• [TASK INPUTS]:

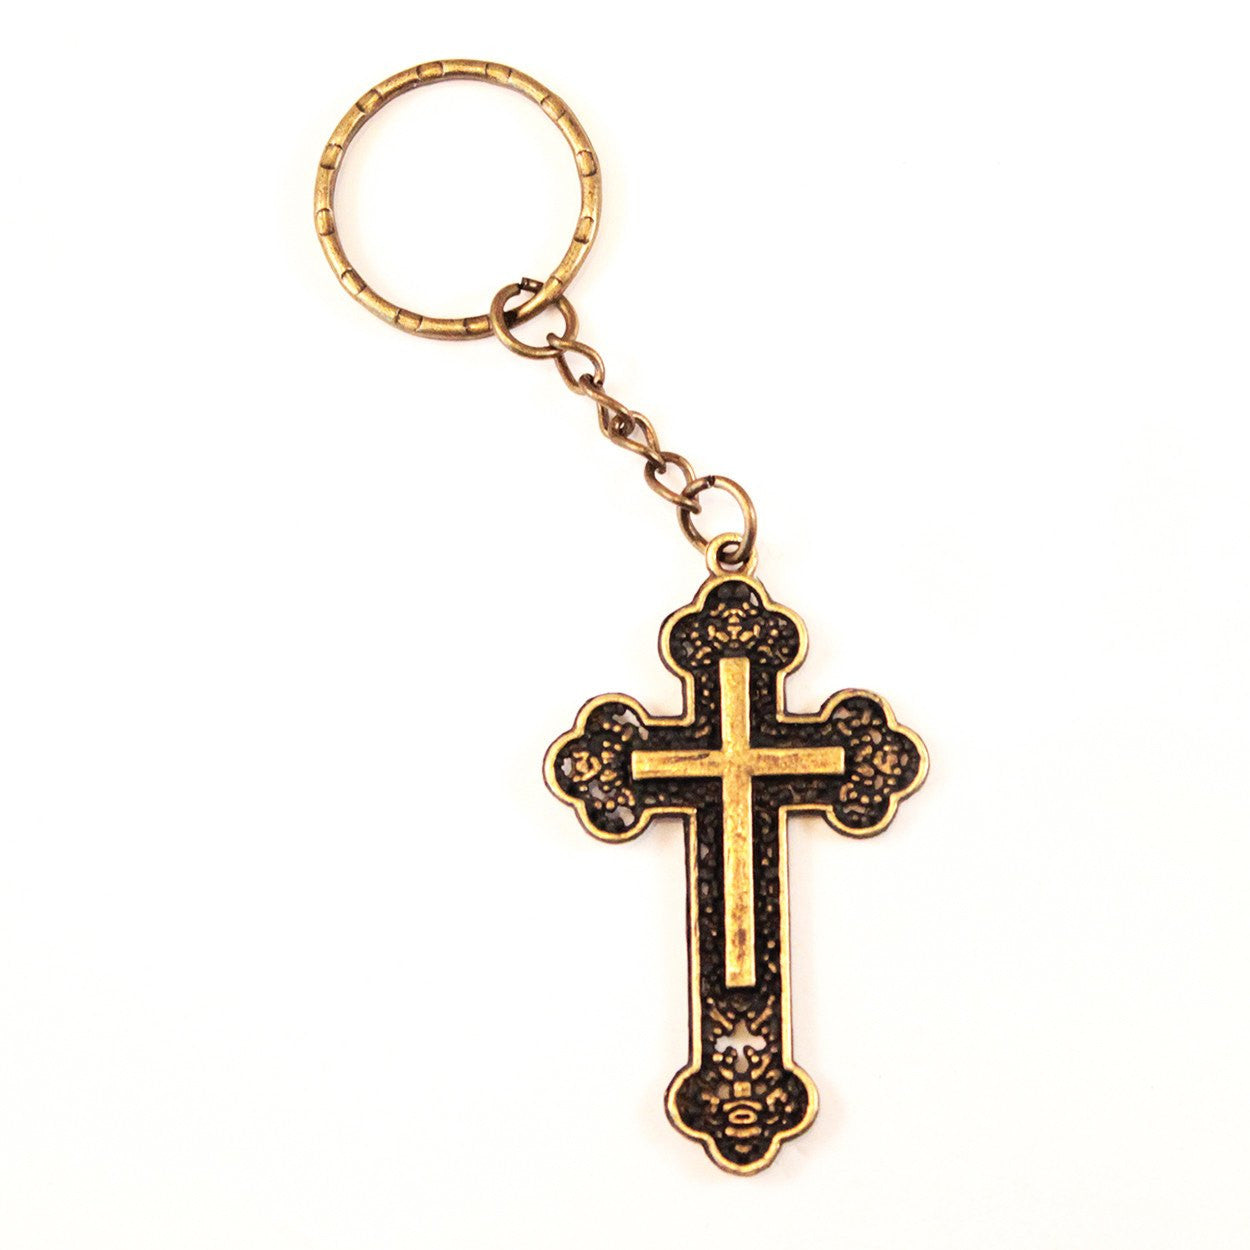 Hand-Painted Cross Keychain: Carry Your Faith Everywhere! - Jewelry & Watches - Bijou Her -  -  - 
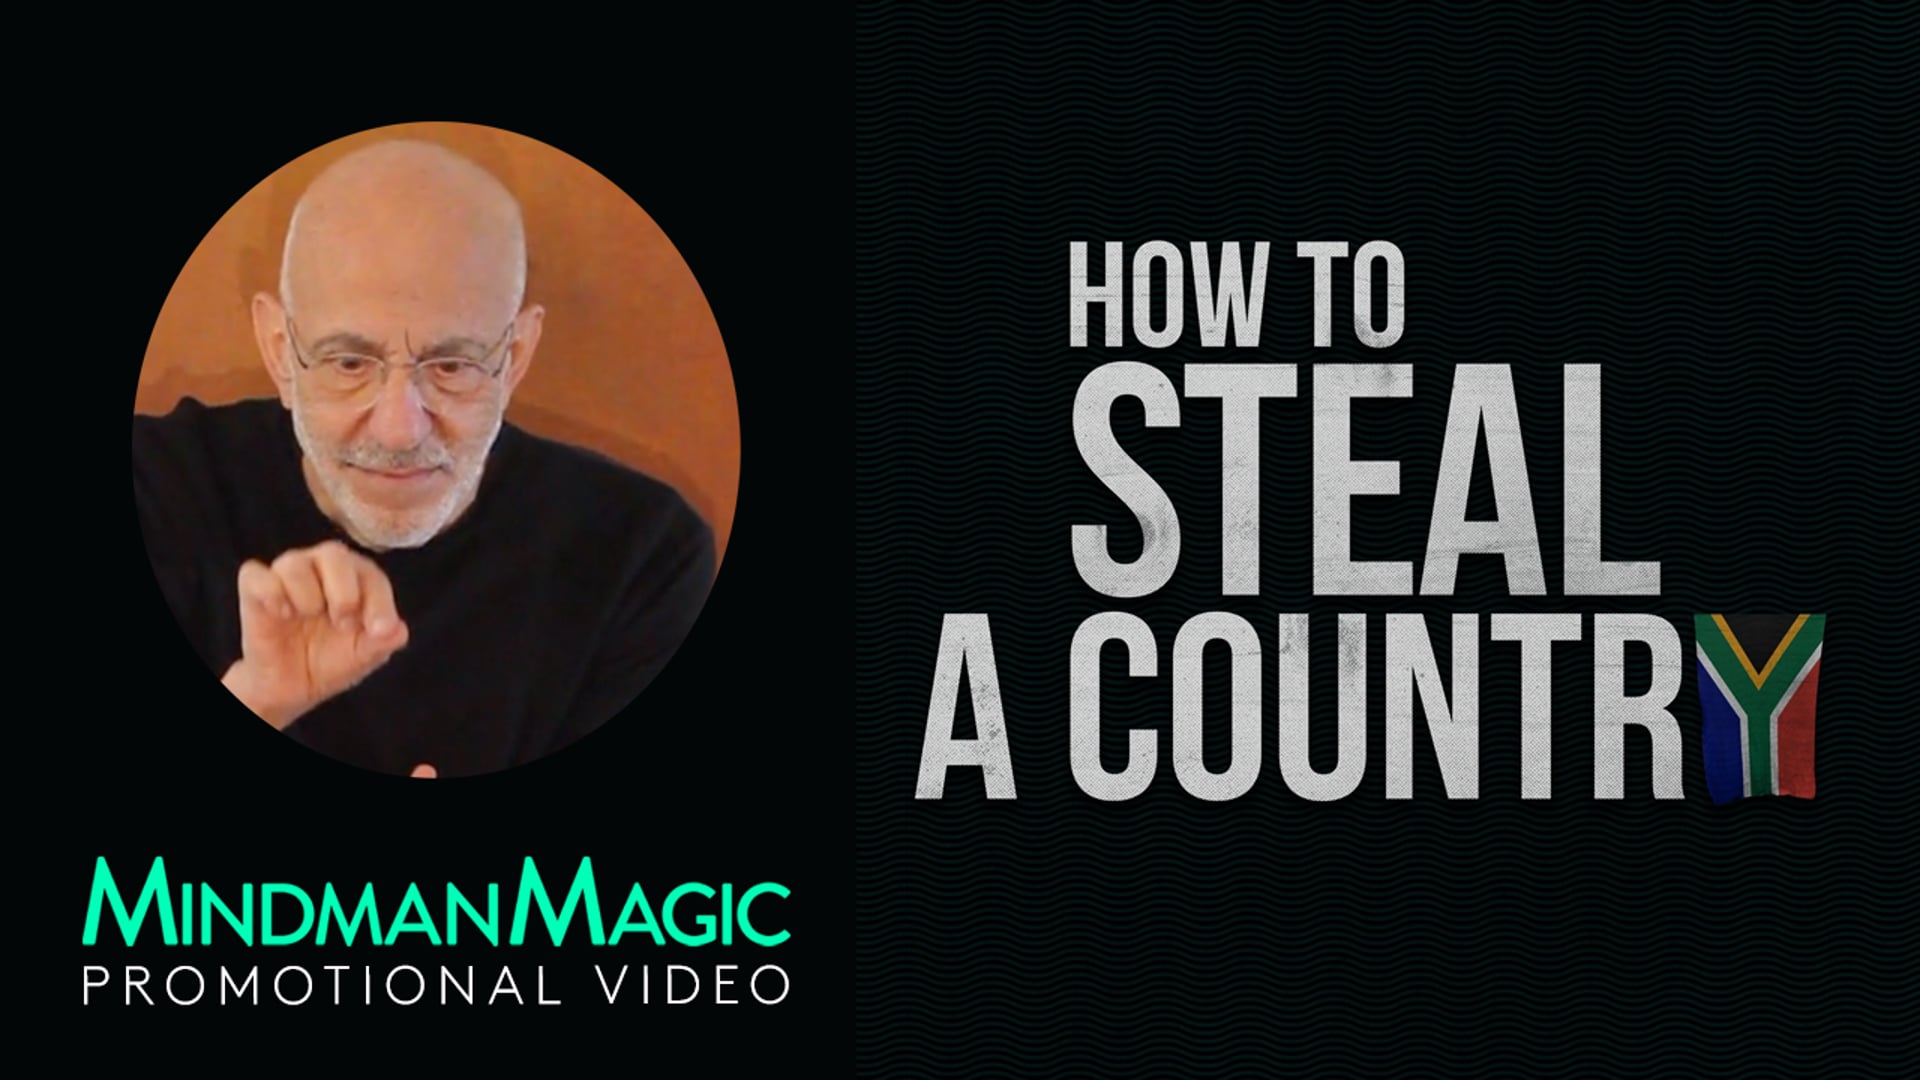 Magic Promo 'How to Steal a Country'
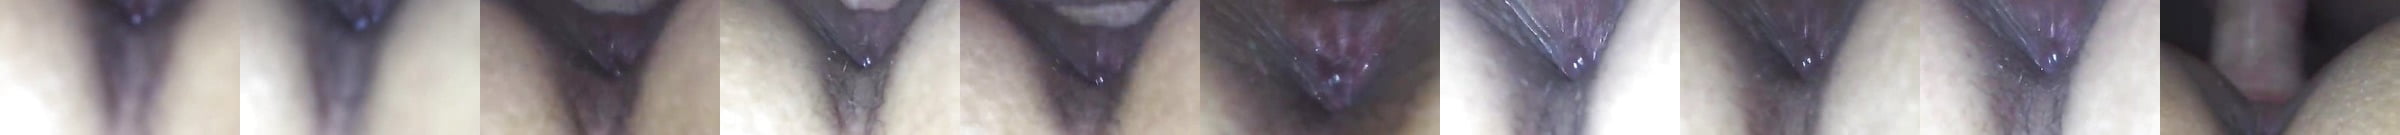 Pinay Michelle From Dubai Getting Pussy And Ass Fucked Wk1 Xhamster
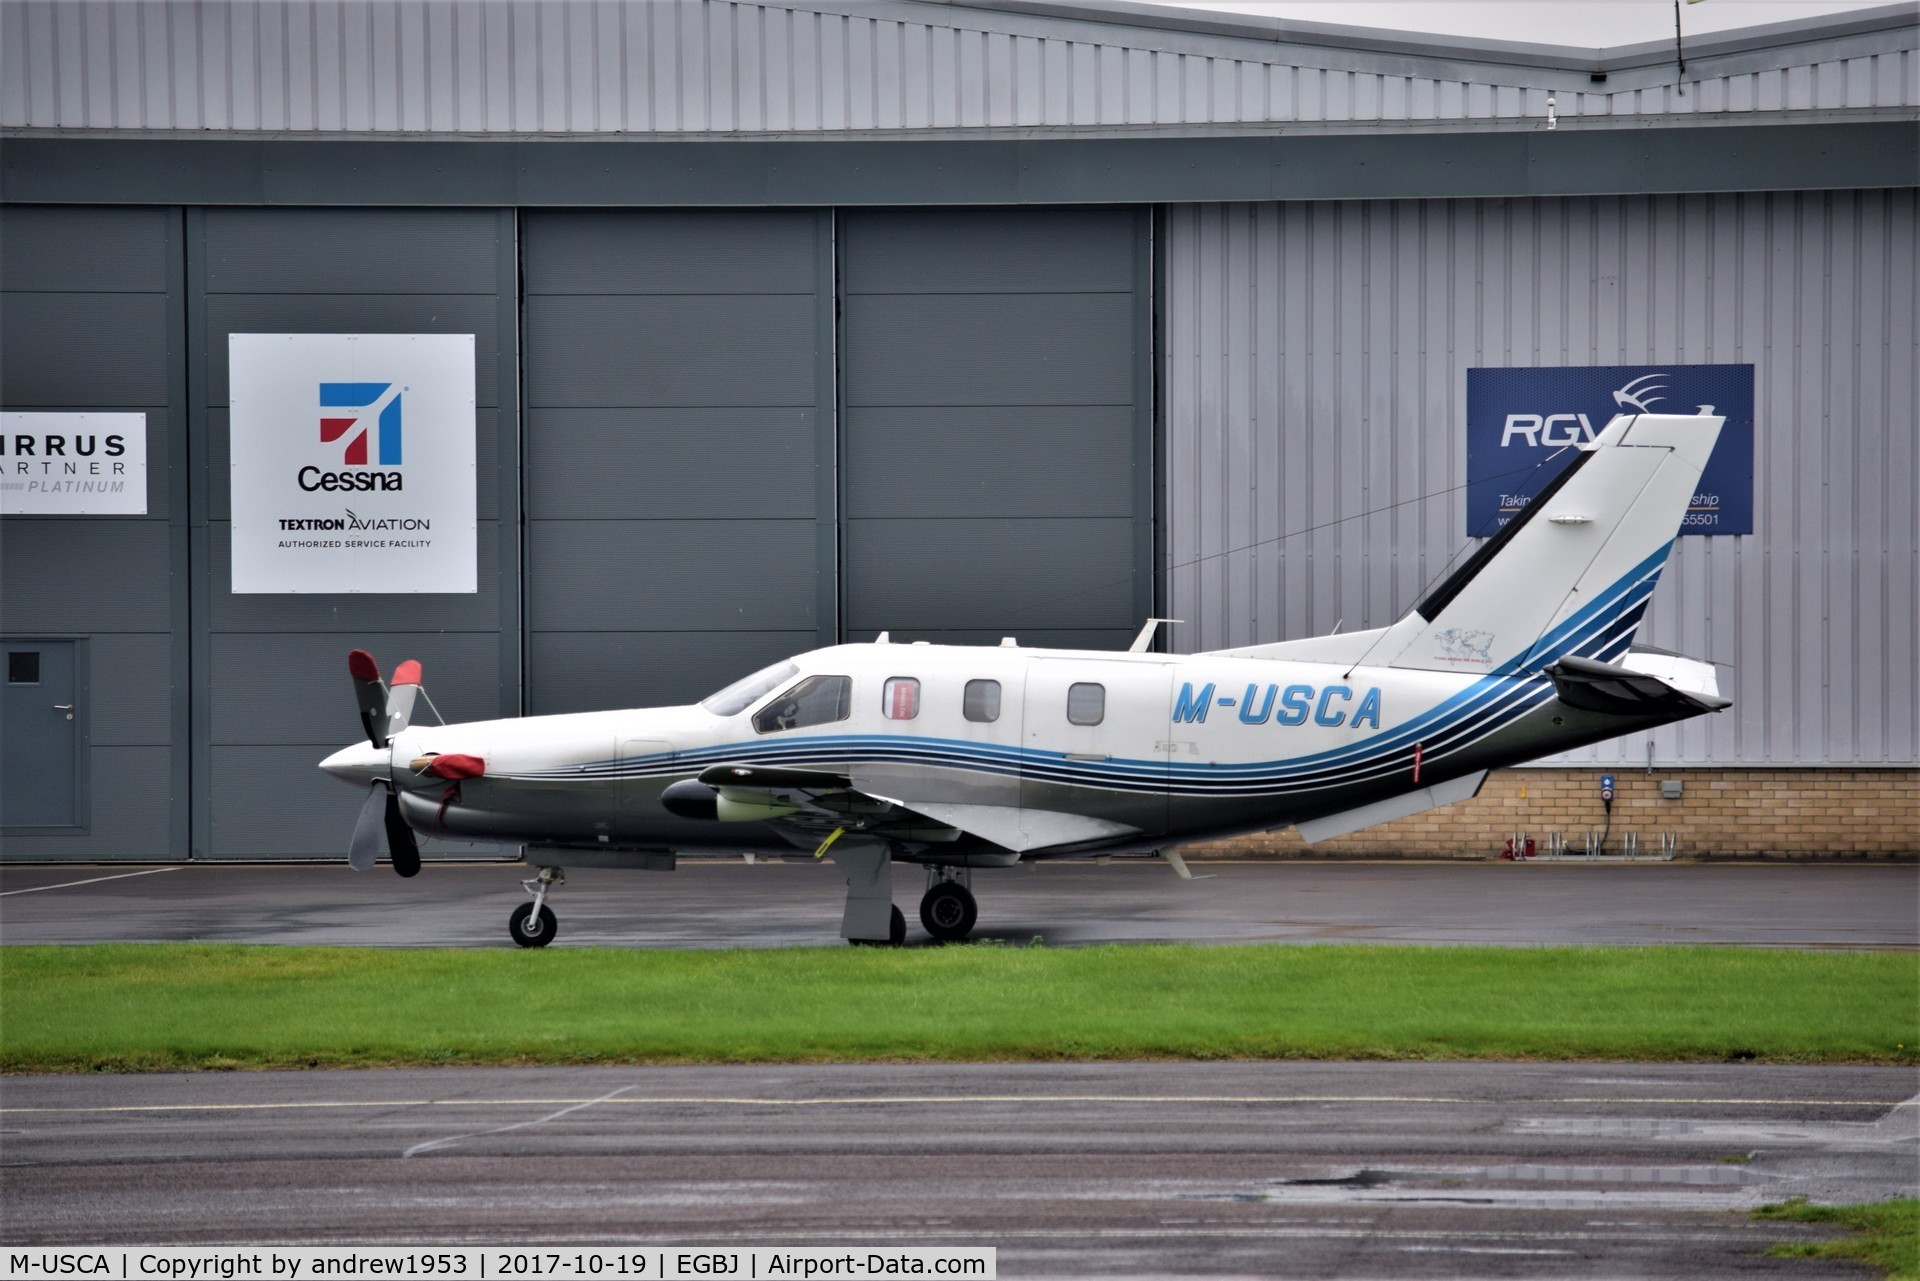 M-USCA, 2008 Socata TBM-700N C/N 456, M-USCA at Gloucestershire Airport.
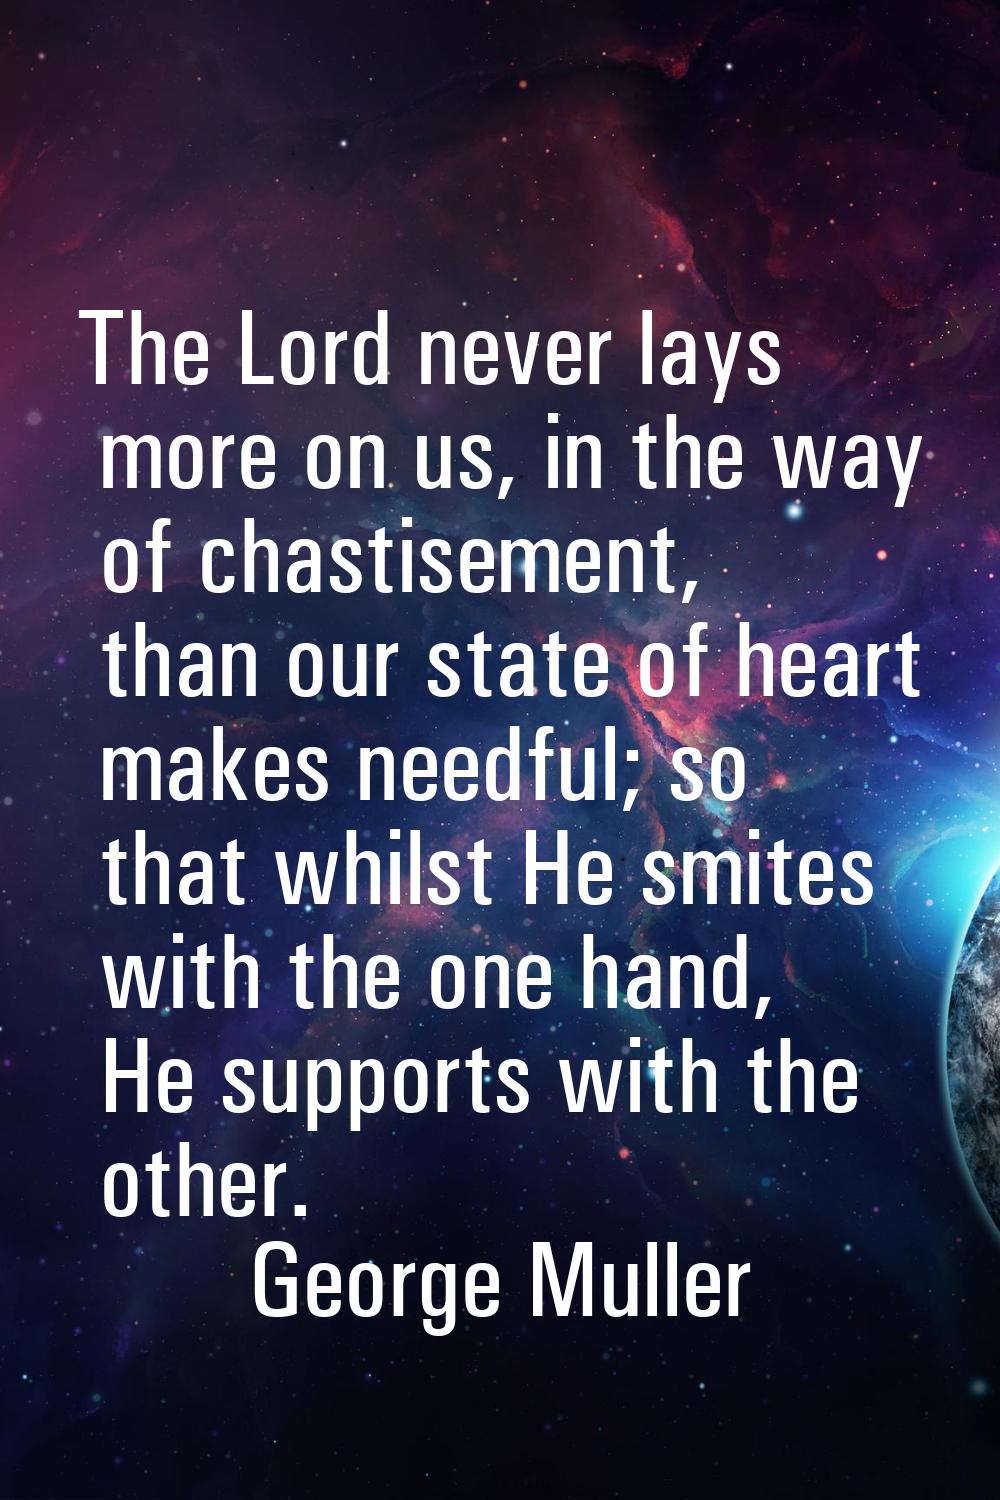 The Lord never lays more on us, in the way of chastisement, than our state of heart makes needful;

• [TASK DIRECTIONS]:
Restate, word for word, each line from the line containing "M-USCA, 2008 Socata" through the end of the entries above; the pictures are not part of the copy.

• [EXERCISE ANSWER]:
 M-USCA, 2008 Socata TBM-700N C/N 456, M-USCA at Gloucestershire Airport.
 The Lord never lays more on us, in the way of chastisement, than our state of heart makes needful;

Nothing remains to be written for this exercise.